» **YOUR OBJECTIVE**:
Your answer should be an exact copy of the data.

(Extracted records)
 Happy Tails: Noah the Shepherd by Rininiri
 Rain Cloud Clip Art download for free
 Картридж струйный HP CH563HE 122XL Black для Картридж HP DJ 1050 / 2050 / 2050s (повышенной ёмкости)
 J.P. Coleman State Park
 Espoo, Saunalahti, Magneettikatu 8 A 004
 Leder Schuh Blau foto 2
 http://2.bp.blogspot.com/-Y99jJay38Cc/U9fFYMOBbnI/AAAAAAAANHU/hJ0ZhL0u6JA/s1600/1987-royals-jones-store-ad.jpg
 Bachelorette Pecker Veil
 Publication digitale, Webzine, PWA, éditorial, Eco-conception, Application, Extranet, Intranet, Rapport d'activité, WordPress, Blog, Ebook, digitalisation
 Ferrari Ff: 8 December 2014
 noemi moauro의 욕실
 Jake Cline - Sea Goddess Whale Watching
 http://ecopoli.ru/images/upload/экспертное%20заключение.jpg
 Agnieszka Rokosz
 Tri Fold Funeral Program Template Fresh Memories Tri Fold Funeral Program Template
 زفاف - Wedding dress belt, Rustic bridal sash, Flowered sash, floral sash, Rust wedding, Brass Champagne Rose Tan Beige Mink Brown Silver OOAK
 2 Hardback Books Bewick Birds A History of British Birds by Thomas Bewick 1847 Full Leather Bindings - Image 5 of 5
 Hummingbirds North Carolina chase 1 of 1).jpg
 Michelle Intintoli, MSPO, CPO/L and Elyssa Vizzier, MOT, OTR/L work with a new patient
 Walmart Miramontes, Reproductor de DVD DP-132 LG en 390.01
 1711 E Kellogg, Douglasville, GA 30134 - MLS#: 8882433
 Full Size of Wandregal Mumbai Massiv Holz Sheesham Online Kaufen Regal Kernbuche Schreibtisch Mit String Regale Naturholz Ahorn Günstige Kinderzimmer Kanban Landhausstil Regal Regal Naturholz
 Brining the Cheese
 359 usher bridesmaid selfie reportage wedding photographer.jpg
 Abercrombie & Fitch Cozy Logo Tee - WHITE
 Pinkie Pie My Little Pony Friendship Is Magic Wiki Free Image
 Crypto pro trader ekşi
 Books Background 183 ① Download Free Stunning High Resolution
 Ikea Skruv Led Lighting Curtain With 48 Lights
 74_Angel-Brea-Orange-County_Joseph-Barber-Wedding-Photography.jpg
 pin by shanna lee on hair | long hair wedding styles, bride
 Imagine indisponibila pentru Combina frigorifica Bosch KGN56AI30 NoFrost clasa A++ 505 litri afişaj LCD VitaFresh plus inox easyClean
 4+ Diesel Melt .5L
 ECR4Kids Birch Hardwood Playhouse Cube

» **REPLY**:
 Happy Tails: Noah the Shepherd by Rininiri
 Rain Cloud Clip Art download for free
 Картридж струйный HP CH563HE 122XL Black для Картридж HP DJ 1050 / 2050 / 2050s (повышенной ёмкости)
 J.P. Coleman State Park
 Espoo, Saunalahti, Magneettikatu 8 A 004
 Leder Schuh Blau foto 2
 http://2.bp.blogspot.com/-Y99jJay38Cc/U9fFYMOBbnI/AAAAAAAANHU/hJ0ZhL0u6JA/s1600/1987-royals-jones-store-ad.jpg
 Bachelorette Pecker Veil
 Publication digitale, Webzine, PWA, éditorial, Eco-conception, Application, Extranet, Intranet, Rapport d'activité, WordPress, Blog, Ebook, digitalisation
 Ferrari Ff: 8 December 2014
 noemi moauro의 욕실
 Jake Cline - Sea Goddess Whale Watching
 http://ecopoli.ru/images/upload/экспертное%20заключение.jpg
 Agnieszka Rokosz
 Tri Fold Funeral Program Template Fresh Memories Tri Fold Funeral Program Template
 زفاف - Wedding dress belt, Rustic bridal sash, Flowered sash, floral sash, Rust wedding, Brass Champagne Rose Tan Beige Mink Brown Silver OOAK
 2 Hardback Books Bewick Birds A History of British Birds by Thomas Bewick 1847 Full Leather Bindings - Image 5 of 5
 Hummingbirds North Carolina chase 1 of 1).jpg
 Michelle Intintoli, MSPO, CPO/L and Elyssa Vizzier, MOT, OTR/L work with a new patient
 Walmart Miramontes, Reproductor de DVD DP-132 LG en 390.01
 1711 E Kellogg, Douglasville, GA 30134 - MLS#: 8882433
 Full Size of Wandregal Mumbai Massiv Holz Sheesham Online Kaufen Regal Kernbuche Schreibtisch Mit String Regale Naturholz Ahorn Günstige Kinderzimmer Kanban Landhausstil Regal Regal Naturholz
 Brining the Cheese
 359 usher bridesmaid selfie reportage wedding photographer.jpg
 Abercrombie & Fitch Cozy Logo Tee - WHITE
 Pinkie Pie My Little Pony Friendship Is Magic Wiki Free Image
 Crypto pro trader ekşi
 Books Background 183 ① Download Free Stunning High Resolution
 Ikea Skruv Led Lighting Curtain With 48 Lights
 74_Angel-Brea-Orange-County_Joseph-Barber-Wedding-Photography.jpg
 pin by shanna lee on hair | long hair wedding styles, bride
 Imagine indisponibila pentru Combina frigorifica Bosch KGN56AI30 NoFrost clasa A++ 505 litri afişaj LCD VitaFresh plus inox easyClean
 4+ Diesel Melt .5L
 ECR4Kids Birch Hardwood Playhouse Cube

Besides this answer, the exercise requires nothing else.